Undergraduate thesis project under the supervision of Dr. Anindya Iqbal and Dr. Shahrear Iqbal (Research Officer, National Research Council (NRC) Canada). In this research, we created a framework to efficiently process sequences of system calls, making them more accessible for language models to identify malicious patterns and detect Android malware. We utilized a Transformer models to analyze these sequences for malware detection. We fine-tuned various language models (BERT, RoBERTa, BigBird, LongFormer) with different sequence lengths and techniques such as supervised fine-tuning and contrastive learning.
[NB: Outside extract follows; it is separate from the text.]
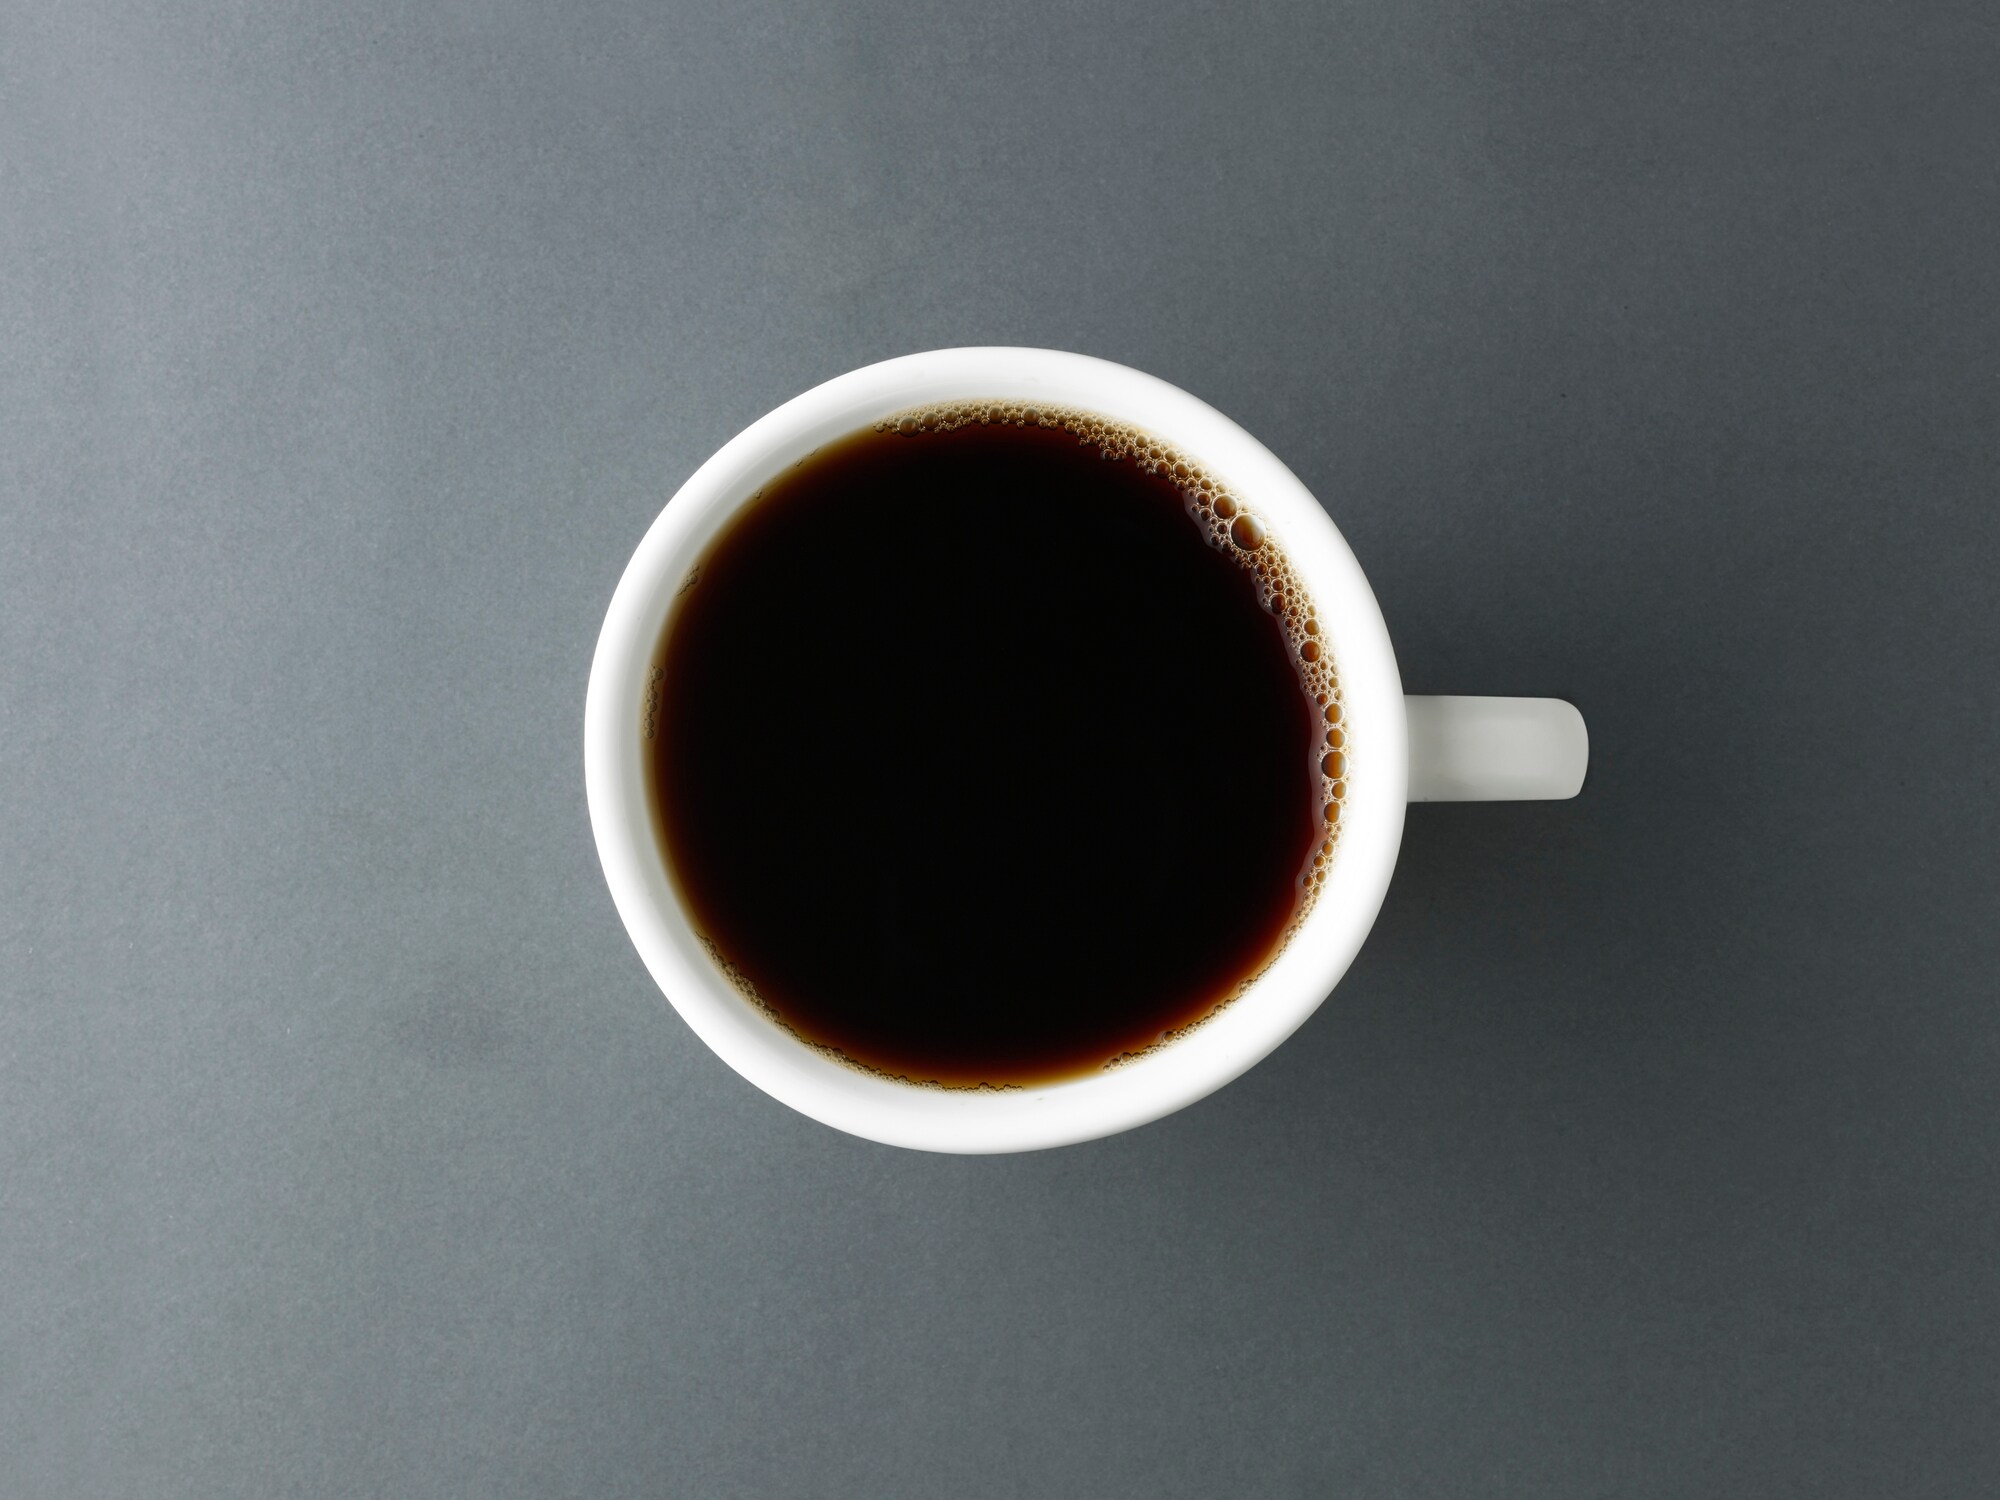 Kopjes koffie die zichzelf opwarmen? De machines die niemand ooit voor mogelijk hield

We then compared their performance against existing models like LSTM, Random Forest, and SVM. Our evaluation demonstrated a 6-7% improvement over the previous state-of-the-art model.
[Thesis dissertation]This is a project under the supervision of Dr. Anindya Iqbal where our aim is to produce more human like reviews and automating review generation procedure through large language models. We are working on the latest RL based preference optimization to finetune state of the art open source LLMs and figure out more suitable evaluation metric to find out human likeliness of code review. The knowledge domains we need in this study are: Code review, LLM inference, LLM finetuning and Objective evaluation.